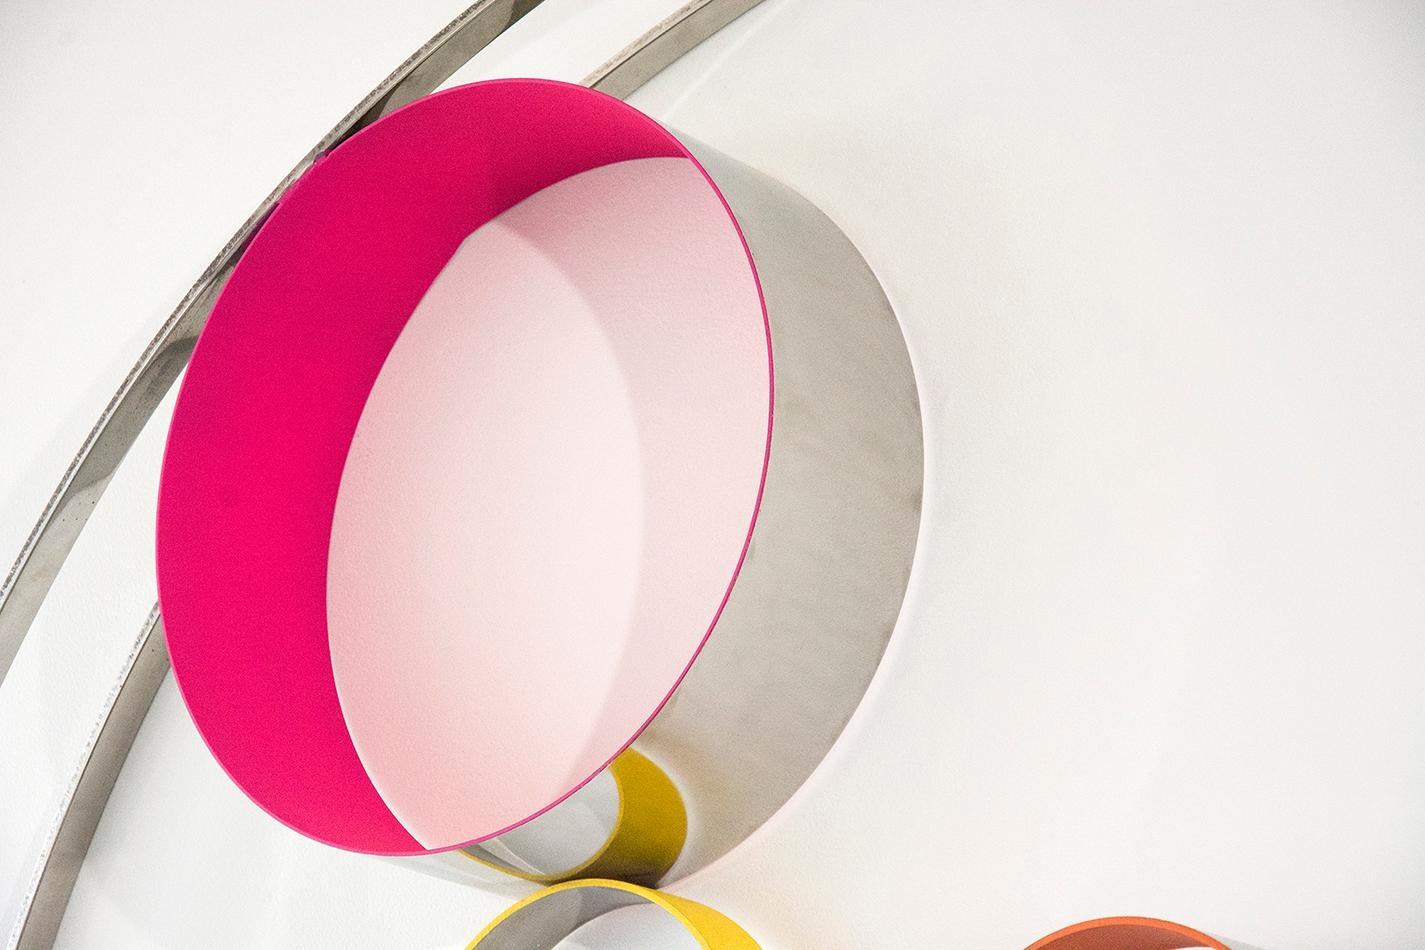 A playful collection of steel rings and disks bubble and swirl within the confines of two steel hoops. The elements of this modernist inspired wall tondo by Philippe Pallafray are polished to a high sheen and patinated in hot pink, lemon and orange.
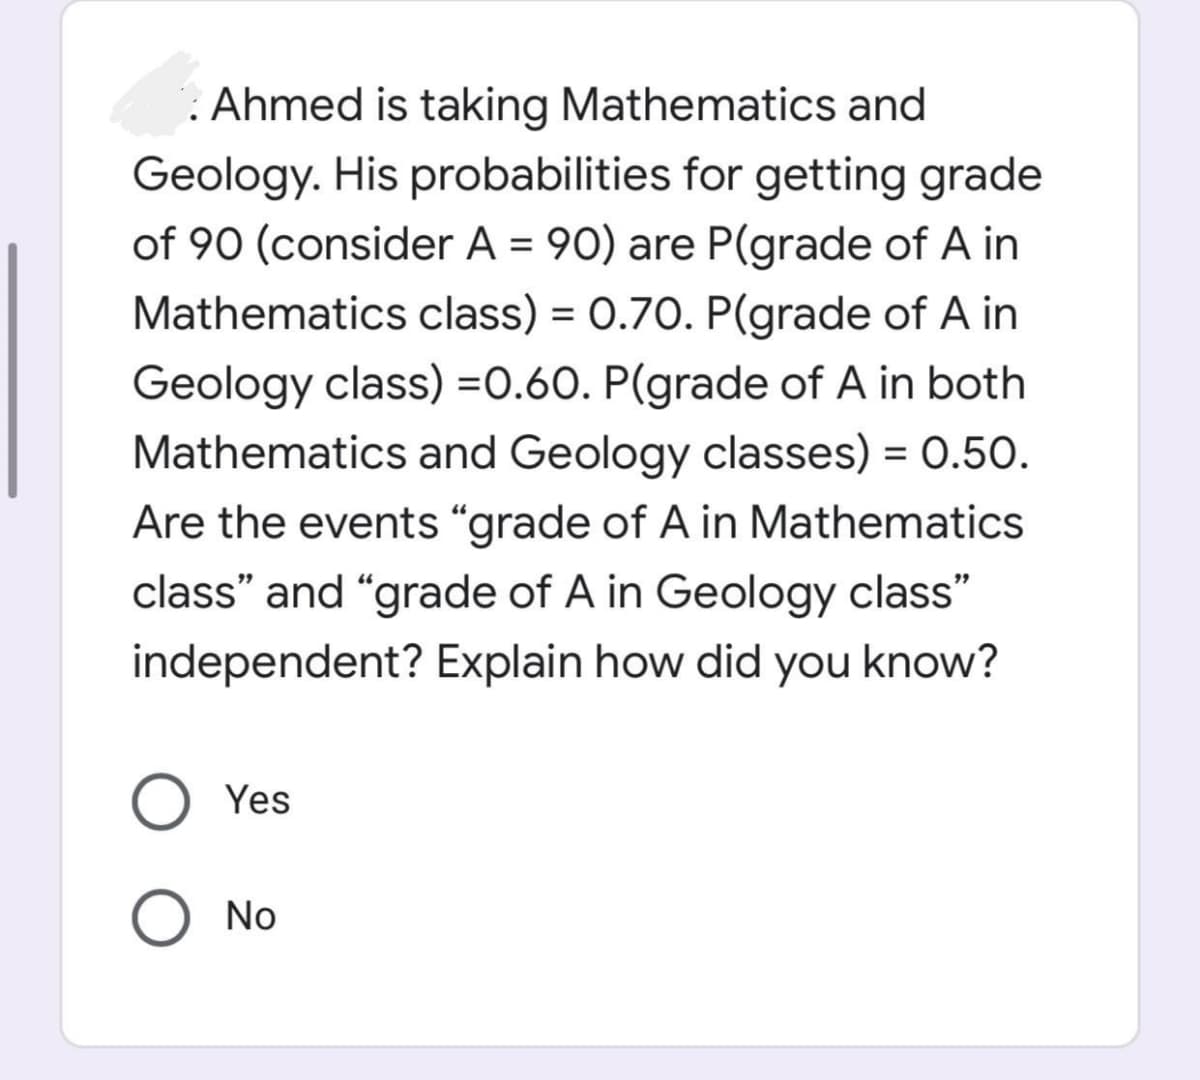 : Ahmed is taking Mathematics and
Geology. His probabilities for getting grade
of 90 (consider A = 90) are P(grade of A in
Mathematics class) = 0.70. P(grade of A in
%3D
Geology class) =0.60. P(grade of A in both
Mathematics and Geology classes) = 0.50.
%3D
Are the events “grade of A in Mathematics
class" and "grade of A in Geology class"
independent? Explain how did you know?
Yes
O No
----
→ Task statement:
Your task is to show every line of the listing above containing "grade".

→ Solved exercise:
Geology. His probabilities for getting grade
of 90 (consider A = 90) are P(grade of A in
Mathematics class) = 0.70. P(grade of A in
Geology class) =0.60. P(grade of A in both
Are the events “grade of A in Mathematics
class" and "grade of A in Geology class"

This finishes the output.